This is just a quick post to show you why you must at least try to configure properly you ssh servers. Today, reading my server logs I realized a big number of login failures into my server and I thought about collecting some numbers about these attempts.
All login attempts have the same signature on the logs, it’s something like this:
Apr 19 23:33:20 li292-237 sshd[25190]: Invalid user <username> from <IP Address>
Each entry with a different username and possibly a different origin IP. A quick wc -l on the string Invalid user returns 197243 lines.
daltonmatos@jetta ~/ [10]$ grep -i "invalid user" messages | wc -l 197243 daltonmatos@jetta ~/ [11]$
From all these, there are 32175 unique username
daltonmatos@jetta ~/ [13]$ grep -i "invalid user" messages | awk '{print $8}' | sort | uniq | wc -l
32175
daltonmatos@jetta ~/ [14]$
and 669 unique IP Addresses.
daltonmatos@jetta ~/ [16]$ grep -i "invalid user" messages | awk '{print $10}' | sort | uniq | wc -l
669
daltonmatos@jetta ~/ [17]$
The 10 most common usernames were:
daltonmatos@jetta ~/ [25]$ grep -i "invalid user" messages | awk '{print $8}' | ./count.py | sort -k 2 -n -r | head -10
test 3099
oracle 2901
admin 2869
guest 1596
nagios 1459
postgres 1229
user 1174
mysql 1030
ftp 754
temp 592
daltonmatos@jetta ~/ [26]$
p.s. Here is the code for count.py, if you are curious. =) https://gist.github.com/2333049
The same approach cane be applied to know the IP’s involved in the attacks and here are the top 10 (just the number of hits from each IP):
daltonmatos@jetta ~/ [27]$ grep -i "invalid user" messages | awk '{print $10}' | ./count.py | sort -k 2 -n -r | head -10
19332
16498
10844
9109
7283
5860
5288
4482
4343
4270
daltonmatos@jetta ~/ [28]$
Running a whois on the IP’s show me that the attacks comes from many different places including: China, Japan, Nigeria and US.
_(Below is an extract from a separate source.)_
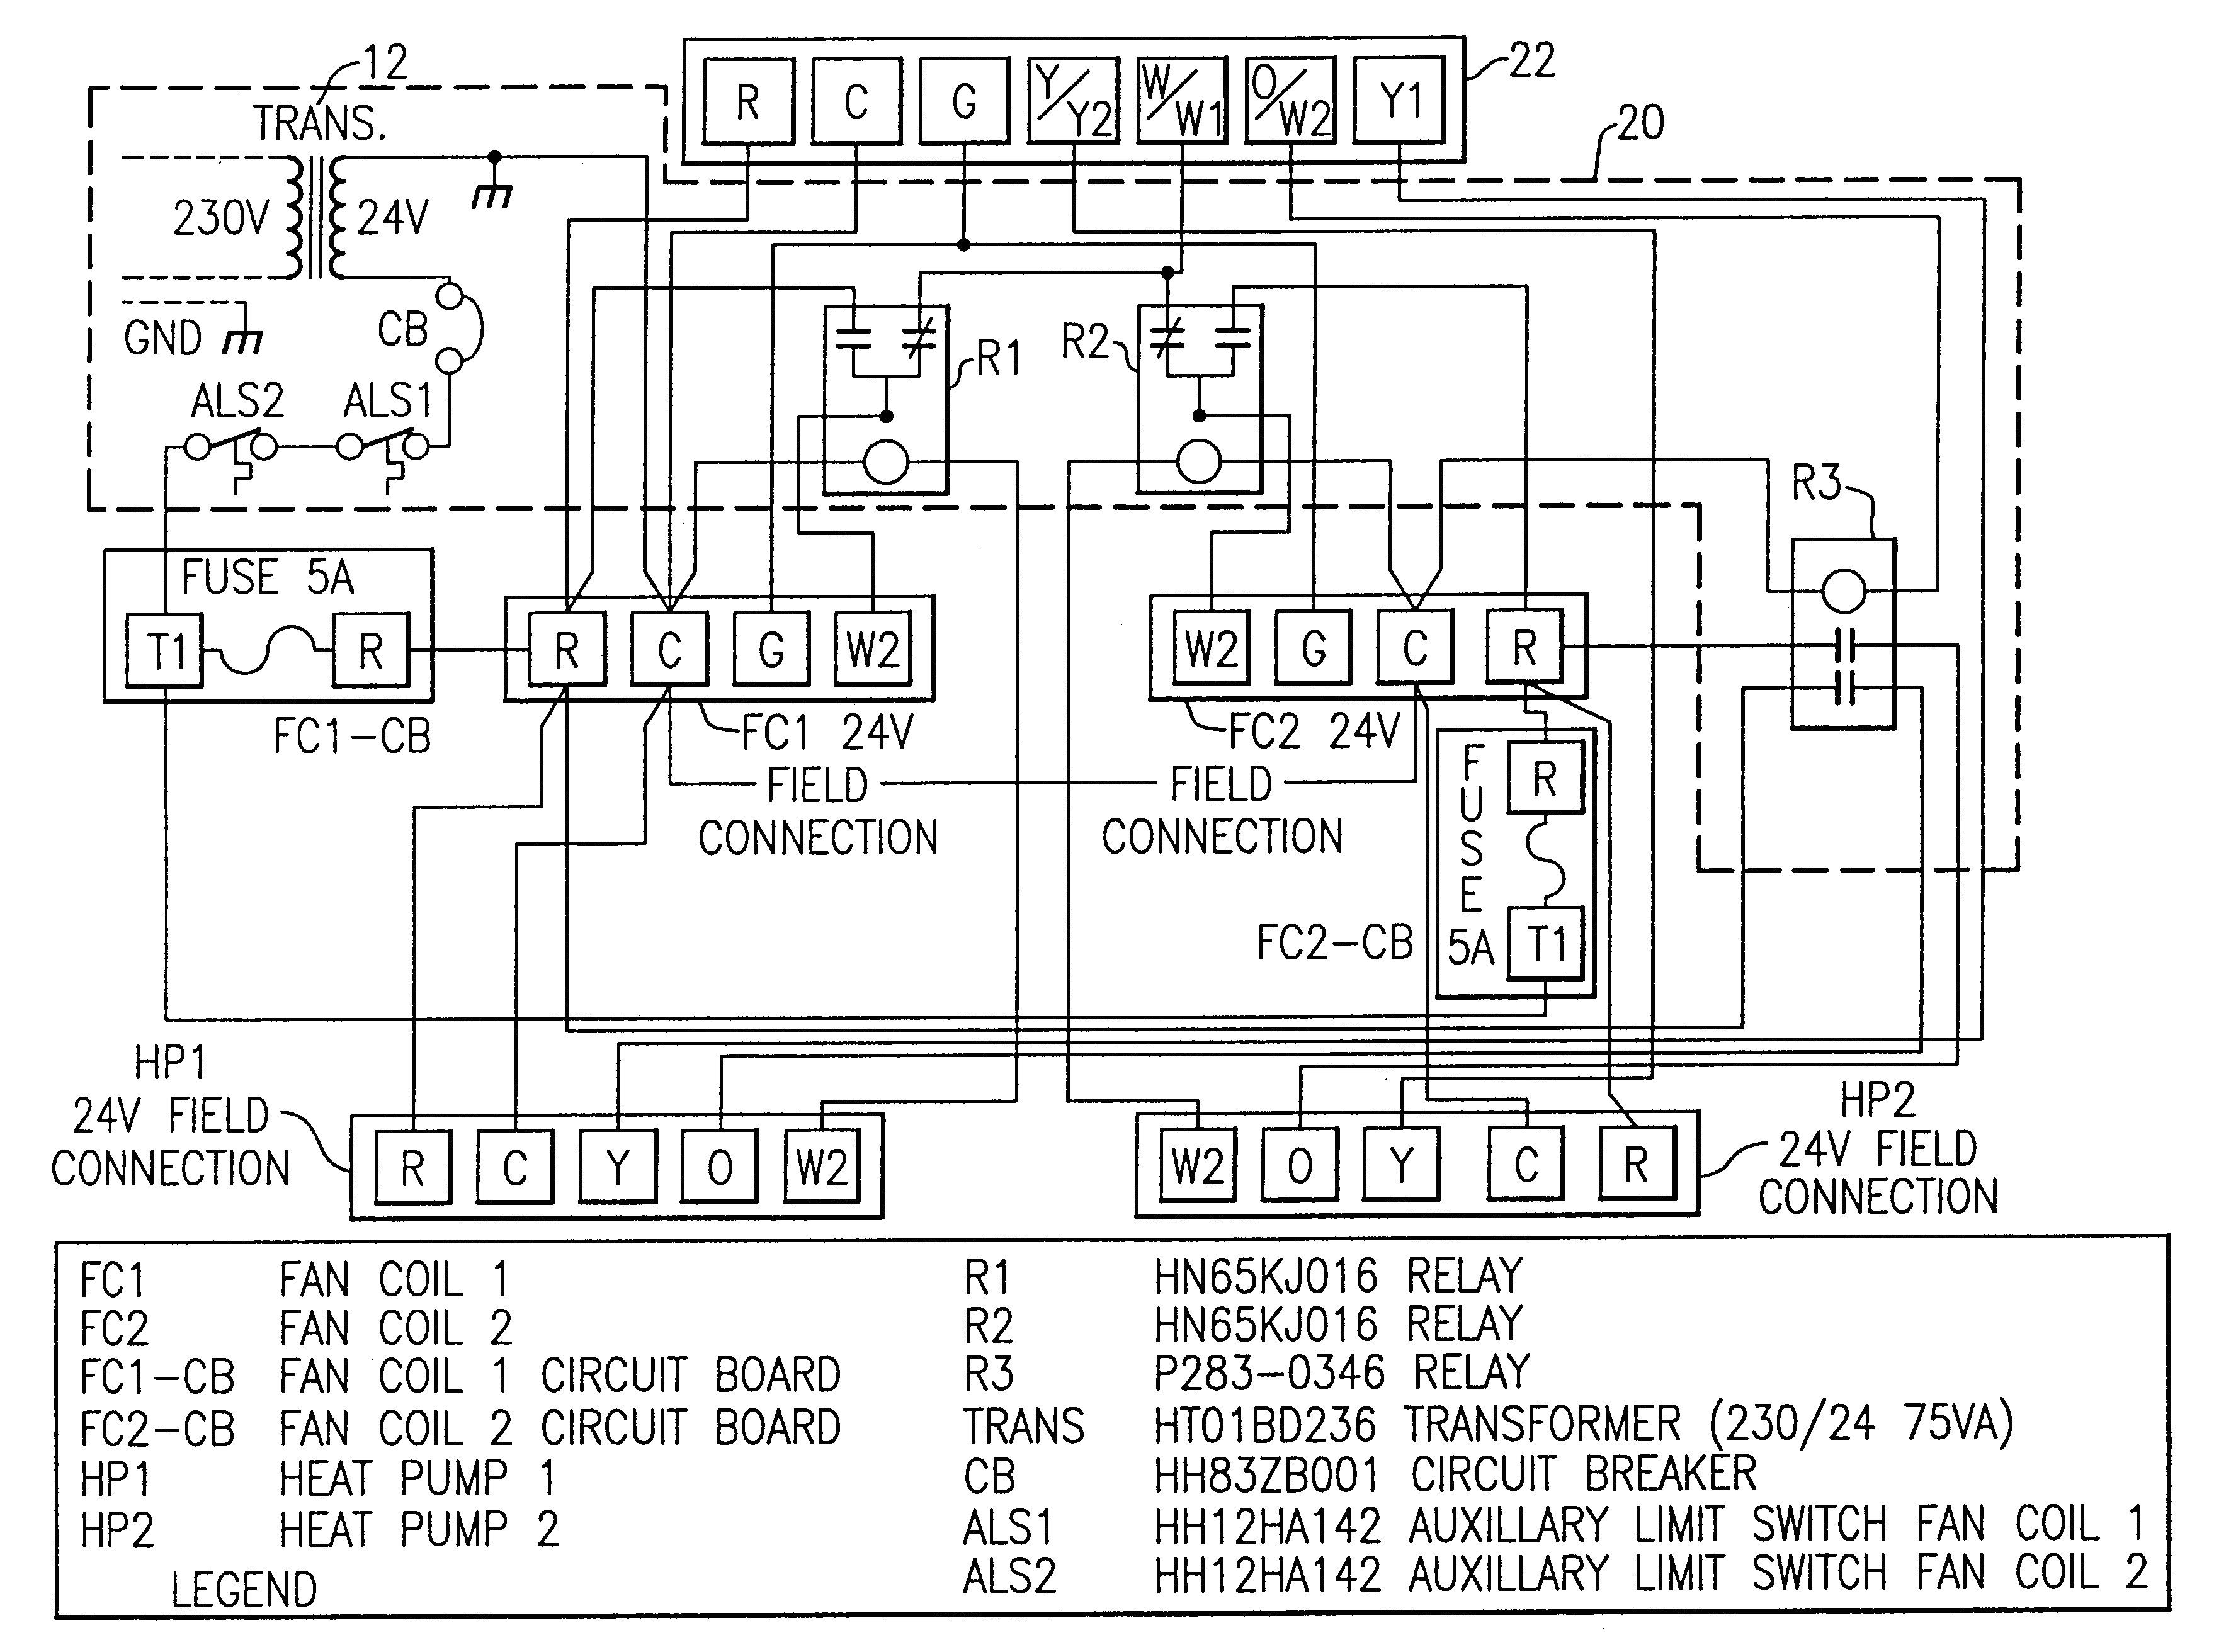 american standard air handler wiring diagram wiring diagram pos american standard furnace wiring diagram american standard wiring diagram

All attempts were made between April 2011 and April 2012. What I want to show you is that you need to take care of your ssh server configuration because one of these attempts could be successful. The first thing I do with any new ssh server is to disable login/password authentication and only accept ssh keys authentication. This is already a good start. =)
Thanks for reading.
Update: My great friend Denilson just pointed out that count.py has the very same effect of uniq -c. Thanks for the tip!